# Action item
Return only the lines from the one containing "Members of the" to the end of the entries below, exactly as written, both ends included.

# Supplied data
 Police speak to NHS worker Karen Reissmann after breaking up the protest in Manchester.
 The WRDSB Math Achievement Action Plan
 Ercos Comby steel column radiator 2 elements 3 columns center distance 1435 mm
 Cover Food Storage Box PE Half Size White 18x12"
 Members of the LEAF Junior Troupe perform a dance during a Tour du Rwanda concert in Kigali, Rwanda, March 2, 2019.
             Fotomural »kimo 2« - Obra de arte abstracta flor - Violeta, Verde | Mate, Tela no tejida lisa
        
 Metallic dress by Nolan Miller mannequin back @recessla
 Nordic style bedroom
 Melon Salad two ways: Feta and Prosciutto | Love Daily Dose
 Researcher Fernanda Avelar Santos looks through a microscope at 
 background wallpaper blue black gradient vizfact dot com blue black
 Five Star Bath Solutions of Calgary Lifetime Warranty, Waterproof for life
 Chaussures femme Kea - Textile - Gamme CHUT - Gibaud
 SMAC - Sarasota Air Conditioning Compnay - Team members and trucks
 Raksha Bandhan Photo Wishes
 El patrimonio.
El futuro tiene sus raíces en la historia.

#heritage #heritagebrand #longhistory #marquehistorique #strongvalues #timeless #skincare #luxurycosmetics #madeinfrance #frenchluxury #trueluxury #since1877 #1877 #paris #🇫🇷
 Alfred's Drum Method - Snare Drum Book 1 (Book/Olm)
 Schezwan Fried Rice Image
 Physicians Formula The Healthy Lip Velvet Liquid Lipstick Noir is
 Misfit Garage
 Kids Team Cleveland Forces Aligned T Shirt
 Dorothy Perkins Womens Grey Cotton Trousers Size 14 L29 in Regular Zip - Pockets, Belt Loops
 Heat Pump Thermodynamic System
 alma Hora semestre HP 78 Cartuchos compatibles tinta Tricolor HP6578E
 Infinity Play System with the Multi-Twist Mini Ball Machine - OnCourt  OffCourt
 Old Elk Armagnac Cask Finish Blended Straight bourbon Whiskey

# Solution for this exercise
 Members of the LEAF Junior Troupe perform a dance during a Tour du Rwanda concert in Kigali, Rwanda, March 2, 2019.
             Fotomural »kimo 2« - Obra de arte abstracta flor - Violeta, Verde | Mate, Tela no tejida lisa
        
 Metallic dress by Nolan Miller mannequin back @recessla
 Nordic style bedroom
 Melon Salad two ways: Feta and Prosciutto | Love Daily Dose
 Researcher Fernanda Avelar Santos looks through a microscope at 
 background wallpaper blue black gradient vizfact dot com blue black
 Five Star Bath Solutions of Calgary Lifetime Warranty, Waterproof for life
 Chaussures femme Kea - Textile - Gamme CHUT - Gibaud
 SMAC - Sarasota Air Conditioning Compnay - Team members and trucks
 Raksha Bandhan Photo Wishes
 El patrimonio.
El futuro tiene sus raíces en la historia.

#heritage #heritagebrand #longhistory #marquehistorique #strongvalues #timeless #skincare #luxurycosmetics #madeinfrance #frenchluxury #trueluxury #since1877 #1877 #paris #🇫🇷
 Alfred's Drum Method - Snare Drum Book 1 (Book/Olm)
 Schezwan Fried Rice Image
 Physicians Formula The Healthy Lip Velvet Liquid Lipstick Noir is
 Misfit Garage
 Kids Team Cleveland Forces Aligned T Shirt
 Dorothy Perkins Womens Grey Cotton Trousers Size 14 L29 in Regular Zip - Pockets, Belt Loops
 Heat Pump Thermodynamic System
 alma Hora semestre HP 78 Cartuchos compatibles tinta Tricolor HP6578E
 Infinity Play System with the Multi-Twist Mini Ball Machine - OnCourt  OffCourt
 Old Elk Armagnac Cask Finish Blended Straight bourbon Whiskey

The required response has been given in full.